The immunostaining in the rodents is very different from the primates, and the three rodents differed from each other.

Rat

NPNFP staining in rat is relatively uniform over the depth of the DCN, with no well-defined laminar organization (Fig. 8A). There are stained puncta and fragments of processes; some large somata are outlined (example at Fig. 8B, arrow). With nNOS, there is dark staining of the outermost 50–100 μm of the DCN (Fig. 8C, arrowhead), and then even staining of the full depth of the DCN to the level of the border with the icp. A higher magnification image shows stained somata and proximal processes of neurons (Fig. 8D, arrowhead) as well as scattered darkly stained puncta (Fig. 8D, arrow). Figure 8E, F shows that with GAD-immunoreactivity there is a band of dense staining of puncta that extends approximately half of the depth of the DCN (Fig. 8E, arrowhead marks the border of the darker region. Figure 8F shows the punctate GAD-immunostaining at higher magnification.
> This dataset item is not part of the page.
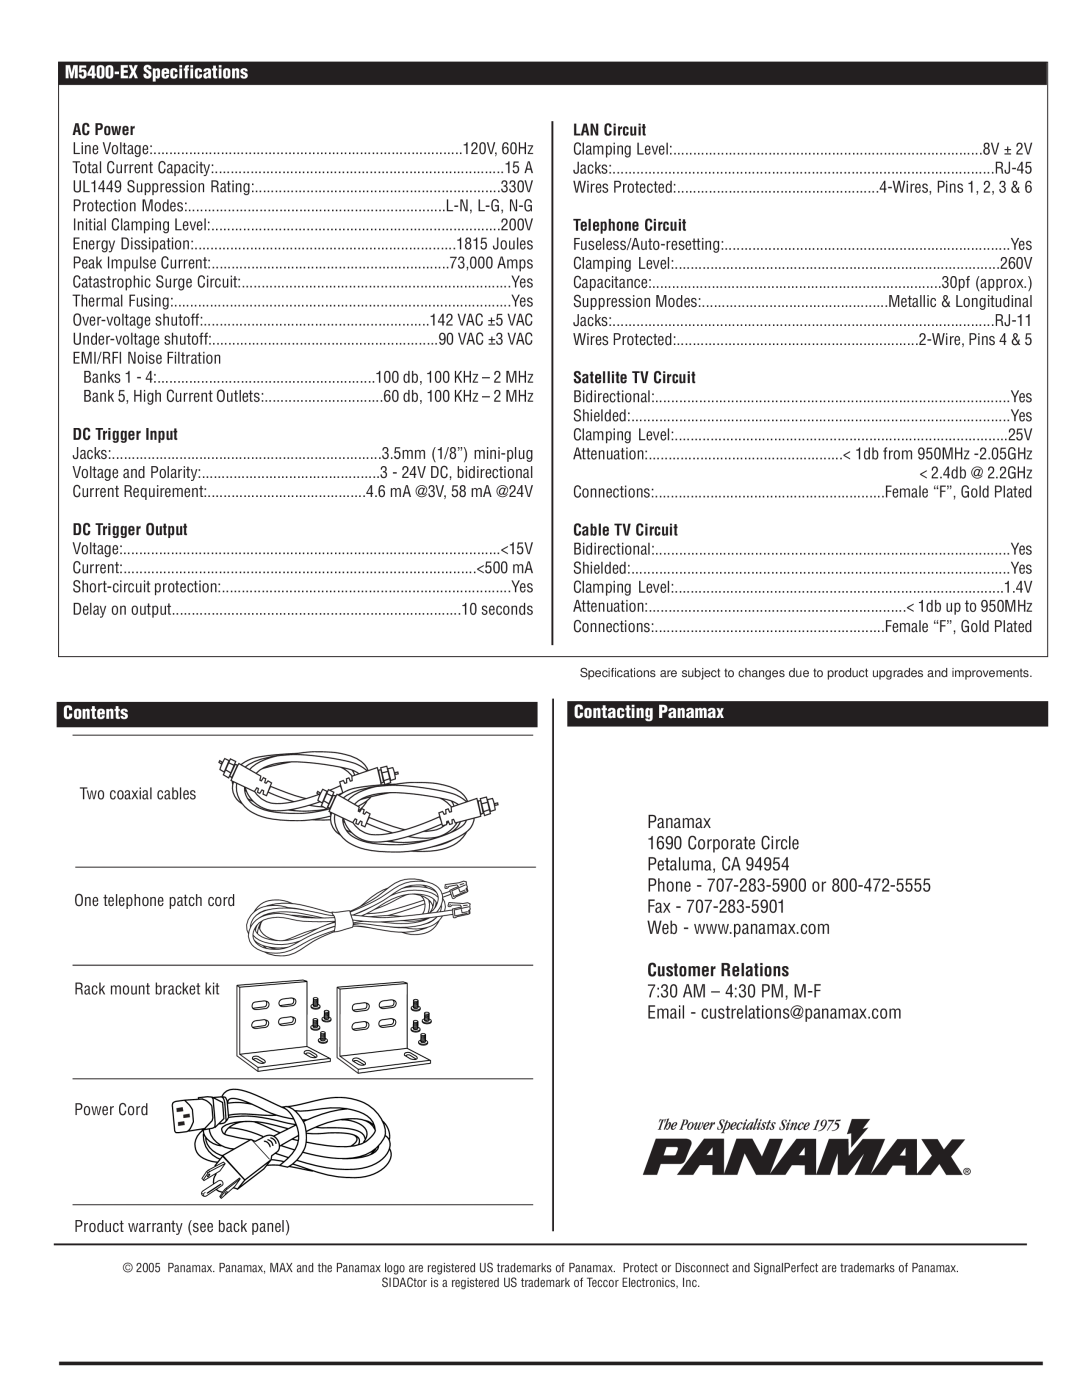 Panamax M5400-EX Specifications, Contents, Contacting Panamax, Panamax 1690 Corporate Circle Petaluma, CA, AC Power

The DCN in the rat. The images are arranged in pairs with a low magnification image on the left (A, C, E, G, I, K). The rectangles show the location of the higher magnification images to the right (B, D, F, H, J, L). A. NPNFP immunostaining is relatively uniform through the depth of the DCN. B. The higher magnification image shows that NPNFP is expressed in puncta and scattered fragments of processes; some staining surrounds large somata (example at arrow). C. With nNOS, there is a band of darker staining along approximately the outer 50 μm of the DCN. There are scattered stained somata in that band (arrowhead). D. There are scattered larger somata in the outer band (arrowhead) as well as deeper in the DCN (arrow). E. GAD staining is punctate and denser in the outer half of the DCN. F. The punctate nature of GAD staining with occasional stained somata is clear at this magnification. G. Relatively uniform CB immunostaining with scattered somata in the outer layers. H. This higher magnification image shows scattered stained somata (example at arrow) in the outer layers of the DCN. I. CR immunostaining in the DCN; the outermost layer has fewer stained elements. J. Higher magnification image showing small, round, stained somata (example at arrow). K. PV immunoreactivity in the DCN. L. Higher magnification image showing stained somata (arrow) in the outer layer. Scale bars: A, C, E, G, K = 250 μm; B, D, F, H, J, L= 50 μm; I = 100 μm.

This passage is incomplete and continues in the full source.